Pressure to investigate UArts closure ramps up with latest letter from faculty union
Union members handed out leaflets in board chair Judson Aaron's neighborhood, targeting him for failing to schedule federally mandated negotiations with faculty and staff over closure terms.
University of the Arts faculty, laid off en masse when the school closed abruptly June 7, are pressuring the Pennsylvania attorney general to launch a formal investigation into what went wrong in its catastrophic final days.
The union that represents faculty — which is also attempting to push the university’s board of trustees into scheduling federally mandated bargaining sessions over closing terms — joined calls for investigations, sending a letter to the attorney general’s office seeking support for a state probe.
“The University of the Arts has provided little public information related to its financial collapse and imminent closure and subsequent loss of accreditation from the Middle States Council on Higher Education,” union leaders wrote in the letter, circulated in an online petition.
“Nevertheless, the university engaged in frequent marketing campaigns about its viability and prestige, grew its real estate and investment portfolio to a $200 million valuation, and placed multiple members on its board of trustees with significant financial and real estate development experience — individuals who would and should have been expected to exercise greater care and oversight of university operations.”
A spokesperson for Pennsylvania Attorney General Michelle Henry said that officials are “very concerned by the sudden closure of the University of the Arts” and said the office was “reviewing the circumstances of the closure and any transfer or loss of assets” but would not confirm an investigation.
Separately, both State Rep. Ben Waxman (D., Philadelphia) and the Philadelphia City Council’s education committee are holding hearings on the closure. The state hearing is scheduled for Monday at the William Way Center in Center City; no date for the city hearing has been announced.
Bradley Philbert, the faculty union’s executive vice president and a former University of the Arts adjunct professor, said no one from the school will commit to sessions to begin “impact bargaining” over closure terms, as is legally required.
To that end, union members showed up outside board chair Judson Aaron’s home in the city’s Queen Village section Wednesday to demand answers and hand out leaflets to neighbors.
“UArts Board Chair Jud Aaron lives in your neighborhood. He closed the University of the Arts and laid off hundreds of staff and faculty with one week notice! Now he has no plan to negotiate with UArts Faculty & Staff Union?” read a flier stuck under car windshield wipers and tacked to light poles.
More in-person actions are planned if no negotiations are scheduled, Philbert said.
Legal action continues
Four groups of faculty, students and staff have sued the university since the closure announcement.
Each of the lawsuits — including the latest, which was filed Wednesday in federal court by two former University of the Arts students — seeks class-action designation, which would allow the lawyers involved to lead the legal fight on behalf of all of University of the Arts’ former students and employees.
In two of the lawsuits, more than 20 former employees claim administrators violated a federal law requiring employers to give at least 60 days’ written notice of mass layoffs when they announced their intention to shut the university just a week before the closure.
They’re seeking two months’ pay as well as money to cover their accrued vacation time and health benefits over the same period.
A judge has yet to set a hearing in those cases.

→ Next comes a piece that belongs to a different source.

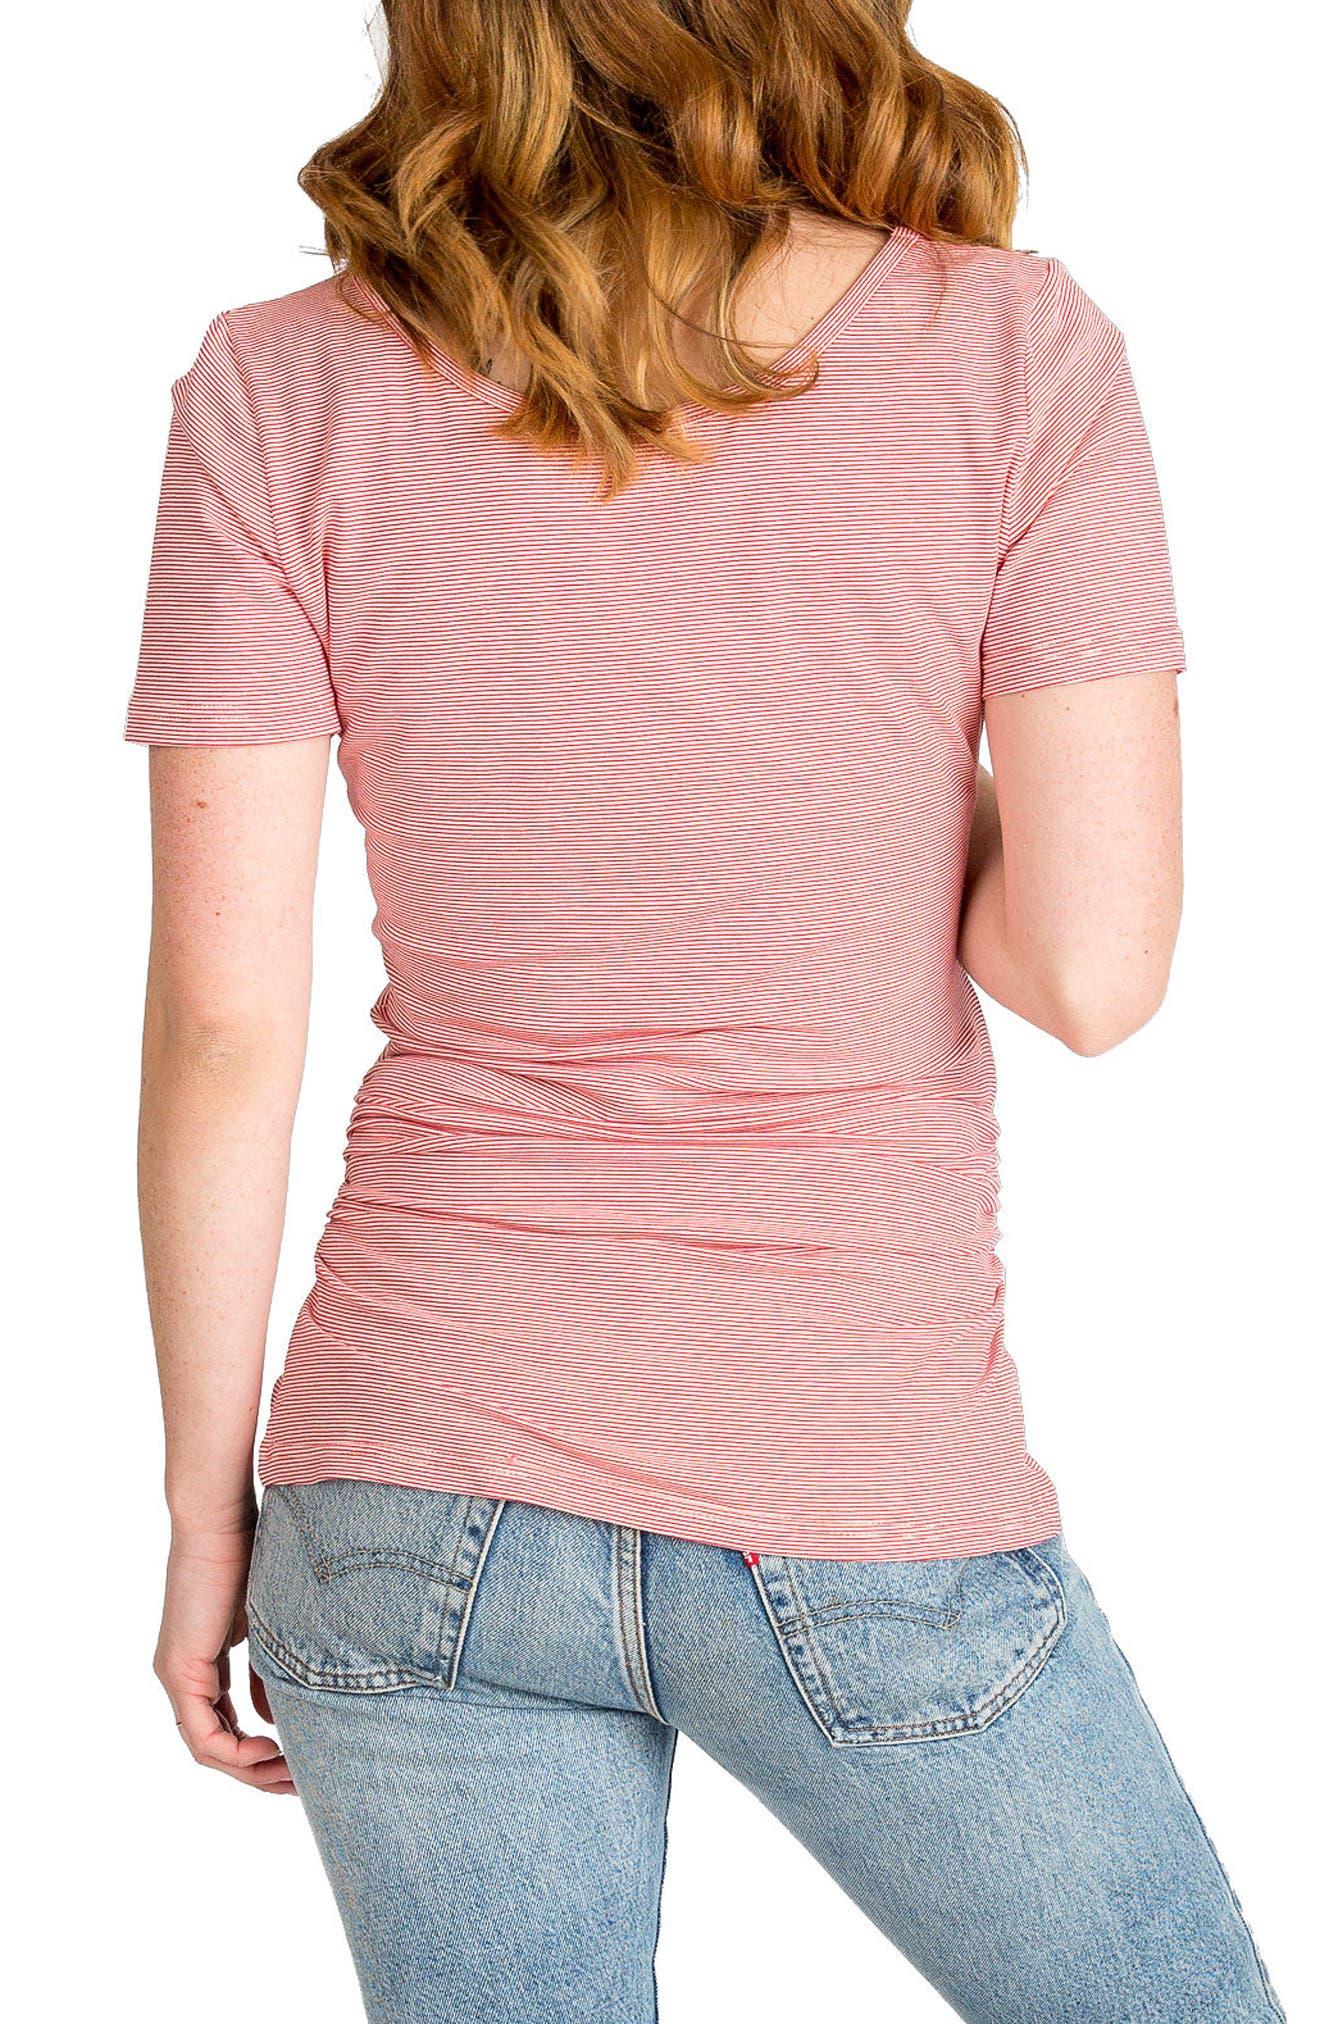 Alternate Image 2  - Nom Maternity 'Tate' Stripe Maternity Top

Though they originally began as separate lawsuits — one brought by a group of largely nonunion employees, and another filed chiefly by workers represented by the union — both groups signaled to the court this week that they intend to combine their cases and pursue similar legal claims. The students’ lawsuits — brought on behalf of 16 plaintiffs, many of whom were expecting to attend University of the Arts in the fall before its sudden closure — seek damages for fraud, breach of contract, unjust enrichment and unfair trade practices
They say the university cheated its students by failing to disclose its precarious financial position while continuing to recruit for and accept applications for the 2024-25 school year.
“The abrupt closure of [the university] has caused considerable financial distress to its now former students who relied on its continuing operation and accreditation when they enrolled, obtained loans, and, in many instances, relocated to Philadelphia to attend,” said attorney Joe Sauder, who is representing the two students who filed complaints on Wednesday.
Attorneys for University of the Arts have not yet responded to any of the legal actions in court, and university officials have not responded to requests for comment.
Staff writer Gillian McGoldrick contributed to this article.